### [YOUR ASSIGNMENT]
Copy exactly the lines of the data below, beginning with the line with "Copycat Chipotle Sofritas" and ending with the line with "20251Publikace článku na". Pictures are to be omitted.

### [DATA]
+ + +

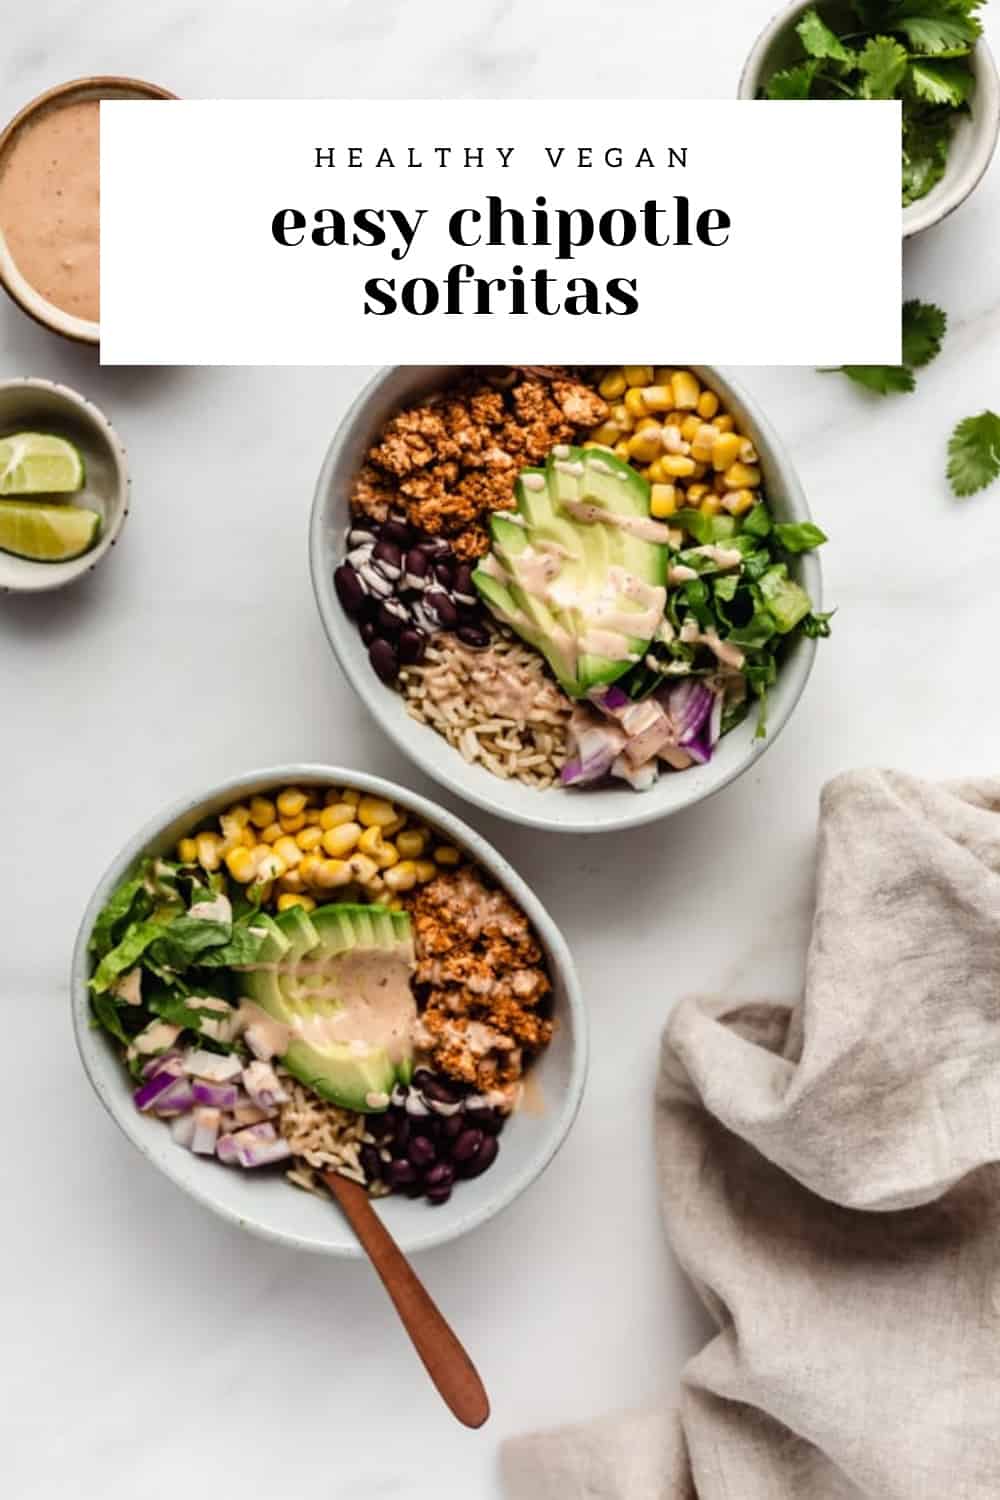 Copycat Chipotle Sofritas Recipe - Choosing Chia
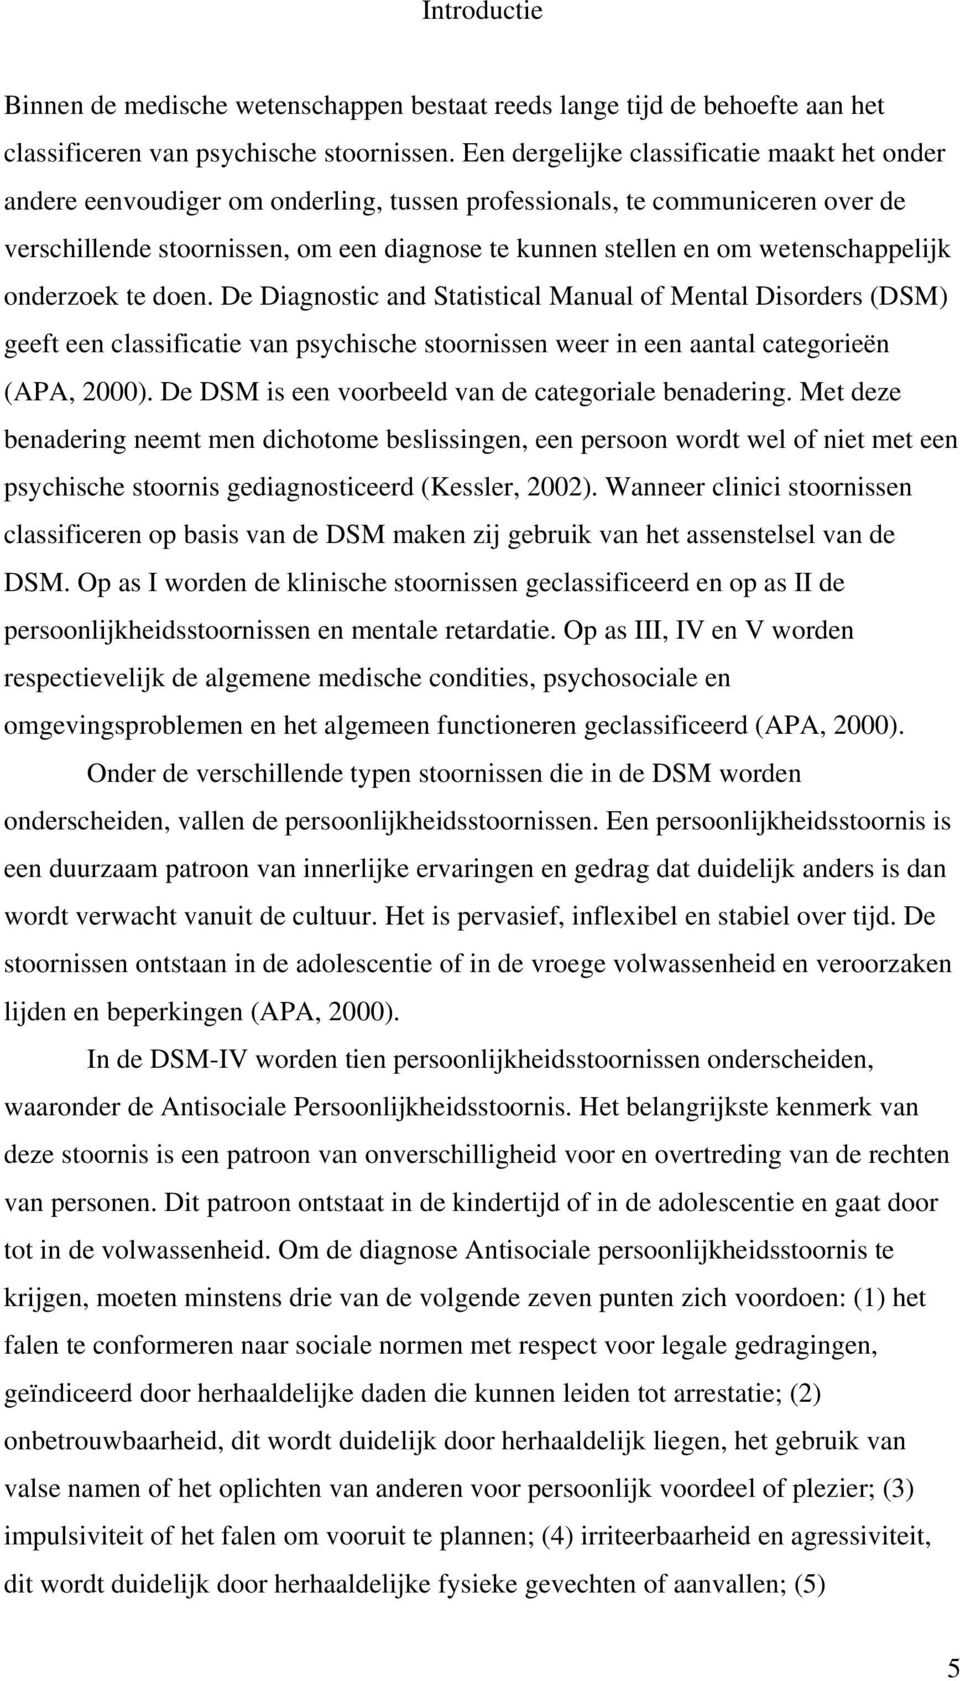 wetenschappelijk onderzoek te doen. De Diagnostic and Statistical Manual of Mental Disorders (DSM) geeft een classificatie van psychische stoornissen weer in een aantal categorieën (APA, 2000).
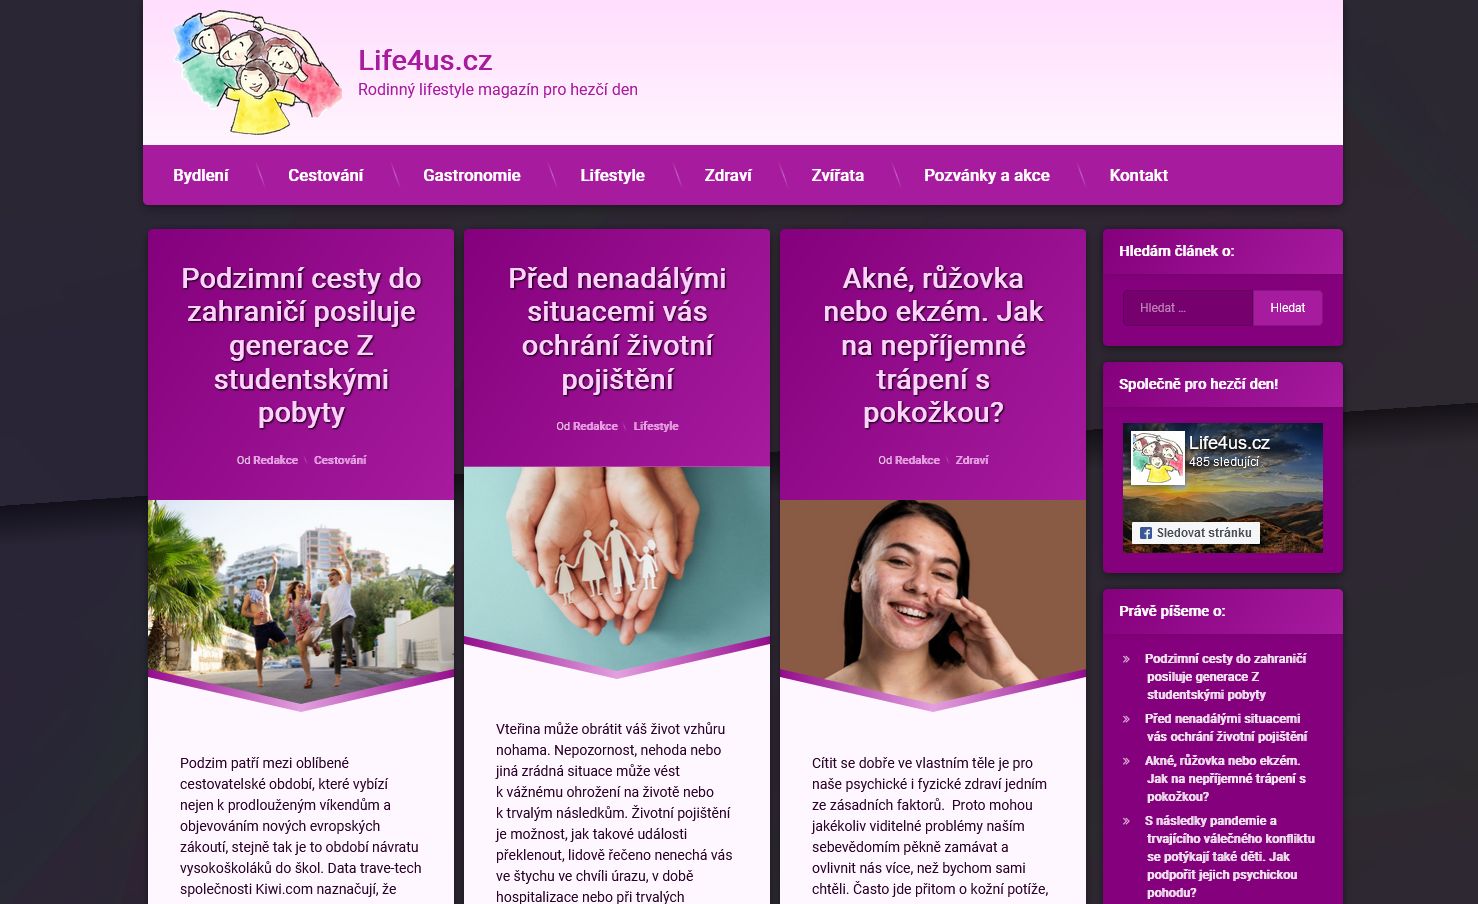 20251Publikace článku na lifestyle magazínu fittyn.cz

+ + +

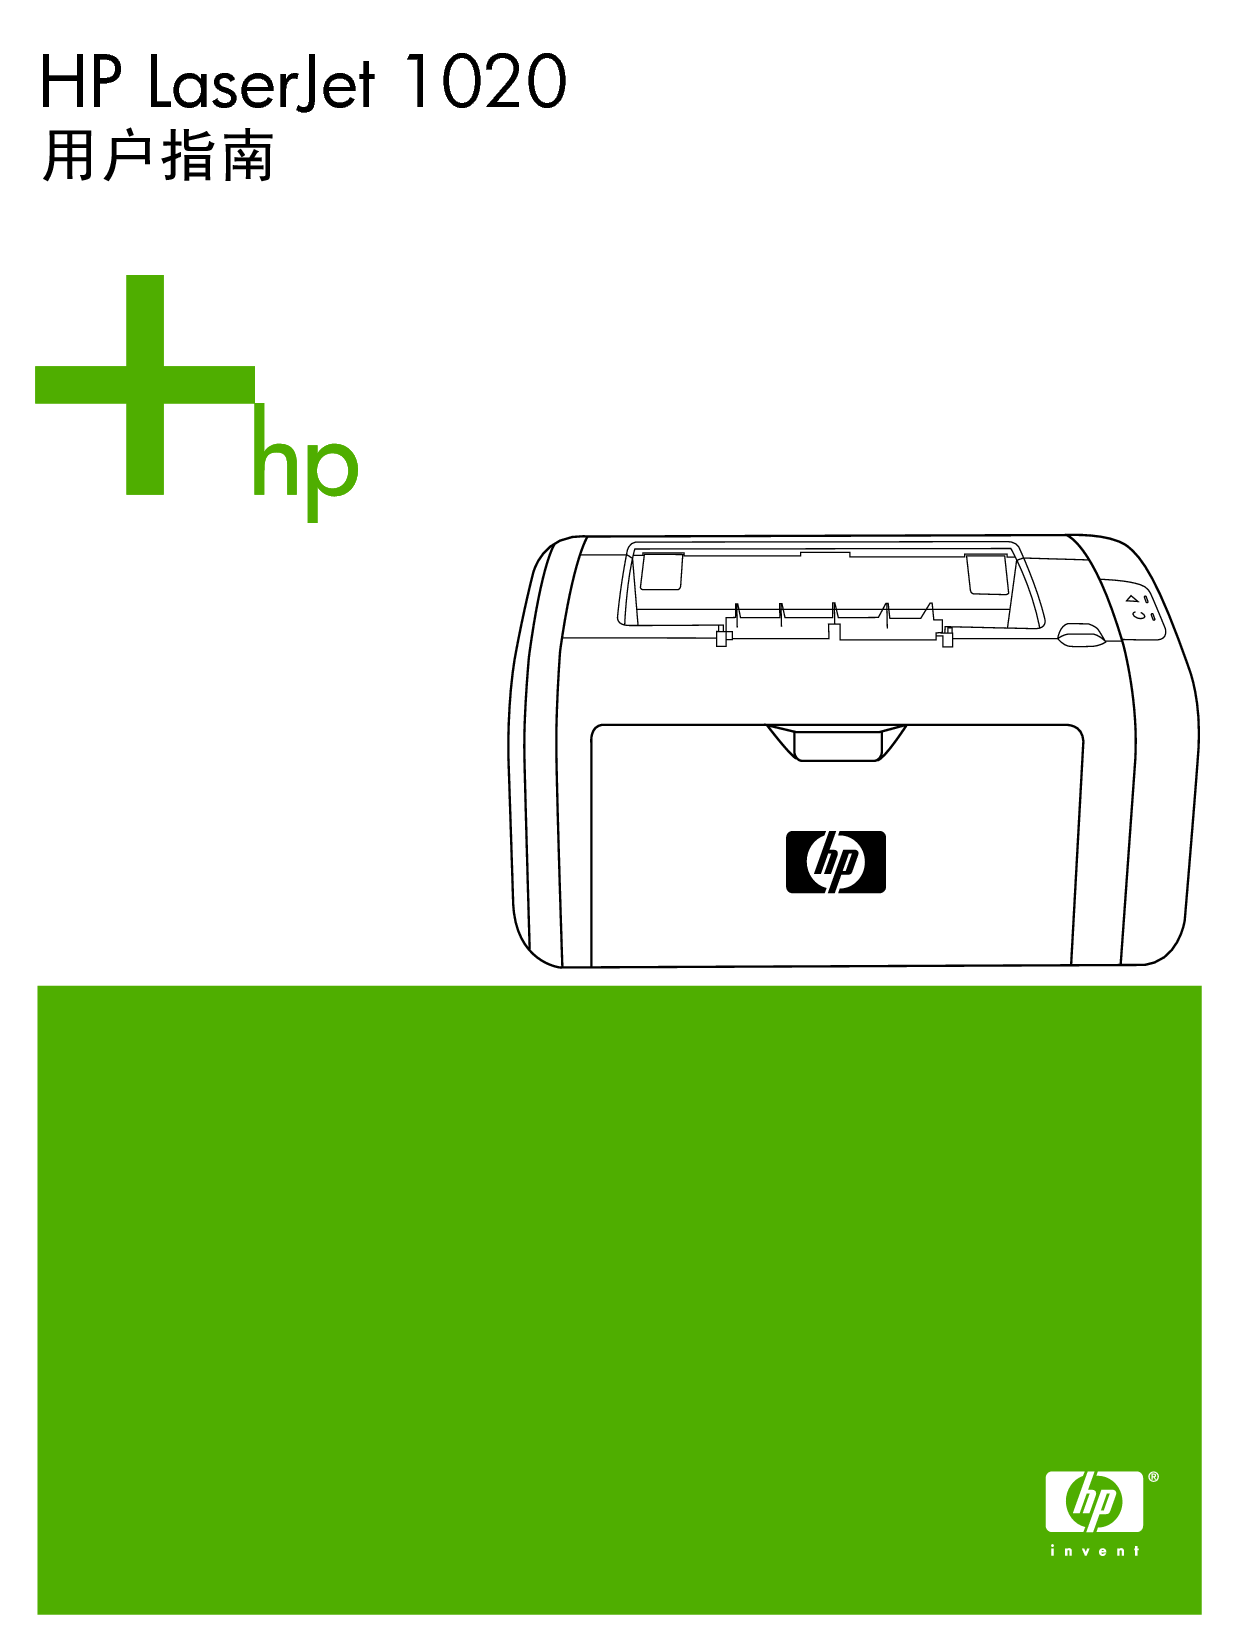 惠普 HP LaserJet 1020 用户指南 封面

+ + +

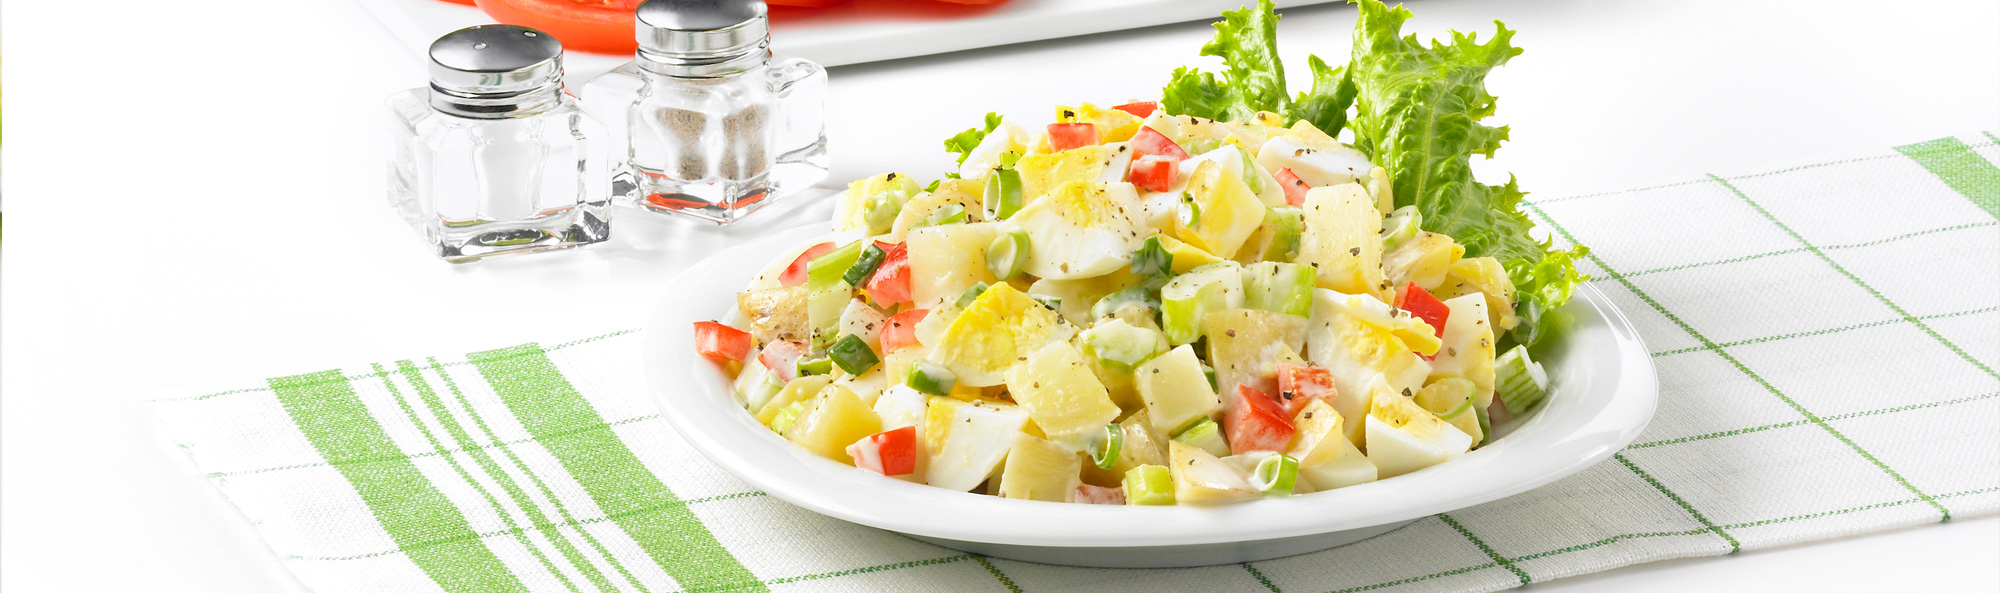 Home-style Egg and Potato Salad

+ + +

### [WRITTEN RESPONSE]
 Copycat Chipotle Sofritas Recipe - Choosing Chia
 wetenschappelijk onderzoek te doen. De Diagnostic and Statistical Manual of Mental Disorders (DSM) geeft een classificatie van psychische stoornissen weer in een aantal categorieën (APA, 2000).
 20251Publikace článku na lifestyle magazínu fittyn.cz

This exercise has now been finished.